As part of the schools rollout, between four and six secondary schools will be targeted in Keighley, near Bradford in West Yorkshire. The plan is for around 800 pupils to be given one-to two-day sessions in conflict management and for the 20 most enthusiastic participants at each session to be trained over a five-day period to work as peer mediators. Fifty teachers will also be involved, and the Quarrelshop model will be used in deprived estates. The impact on the community will be closely monitored to see if such intensive conflict management provides what Rogers calls a "cascade effect", resulting in fewer gang problems, a better school atmosphere and less fear of crime.

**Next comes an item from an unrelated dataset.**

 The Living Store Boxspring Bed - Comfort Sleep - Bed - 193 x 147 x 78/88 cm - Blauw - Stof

Mark Blake, programme director of social inclusion and crime prevention scheme Positive Futures, is a big fan of Leap's approach. "Anything that includes an element where young people reflect on their actions and think about the consequences has to be good, especially if it uses a restorative justice type of model," he says.

Dispute training

At a house in the east London borough of Newham, a group of young people are about to receive their certificates for completing the Quarrelshop course. Newham is an area where gangs and postcode rivalry are prominent, but these young people feel they have been given a chance to opt out of such disputes.

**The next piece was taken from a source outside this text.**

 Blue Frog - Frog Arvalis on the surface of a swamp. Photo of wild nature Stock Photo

Janet, 19, is a fashion student who discovered Quarrelshop after taking part in a debate on conflict at her youth centre. A worker there had done the course and recommended it. "I've had a lot of conflict in my life," says Janet. "At school there were a lot of fights - I've been beaten up and also beaten up other people."

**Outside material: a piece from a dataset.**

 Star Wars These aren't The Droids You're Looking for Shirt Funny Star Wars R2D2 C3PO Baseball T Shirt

She says she was pleasantly surprised by the practical approach of the Leap programme and the way it makes you think about your actions. "The lightbulb goes on after you've spoken about a personal experience and you realise 'oh, that's why I did that, that's why that happened'," says Janet. She believes the programme has widespread benefits. "It has helped my personal development, and I don't snap like I used to."

According to Sanghera, Quarrelshop allows young people to see that they have choices in how they react and to understand the consequences of those choices. A recent course was run intensively for a month over the summer holiday, but others run over a longer timeframe. So what kinds of conflict prompt young people to attend? "Some want to work on something as simple as being barged on the street; others have conflict with a family member," says Sanghera.

The first part of the programme looks at conflict theory and how young people view conflict. The next part focuses on mediation, conflict resolution skills and building relationships. The third part designs and facilitates a programme for young people to work with their peers.

A key aspect is the use of supportive and imaginative techniques such as role play, individual work and small group activities. Sanghera sums up: "It gives young people skills they can use in the outside world. Conflict is inevitable, whether on the street or the Tube, so we help them to deal with it better."

SHAKS ESCAPES A LIFE OF CRIME

By the time he was 15, Shaks had been thrown out of the family home and had left school. If things had gone differently, he could easily have fallen into a life of crime. "I've seen people with money, a car and said 'I want that', and you try to work your way up the ladder," he says. "I chose to hang out with that group." Luckily a youth worker helped Shaks, who is now 20, get his life back together and onto a surer footing.

Attending the Quarrelshop programme has accelerated his transformation and he is putting what he has learned into practice on Newham's streets. "There's a lot of conflict - race, postcode crimes, what school you go to or what street you live in. But I'm sure I can use the skills learned here to effect change."

What he relished most was learning how to act as peacemaker. "My favourite aspect of Quarrelshop was mediation - I didn't understand it before," he says. "You're not giving people answers; you're helping them to find the solution themselves."

Shaks is now working as a detached youth worker and has been helping to resolve a territorial dispute between two groups of young people. "Some see me as a role model or big brother, and that allows me to calm them down and strip them apart. It's not under control yet, but I want to take it further," he says.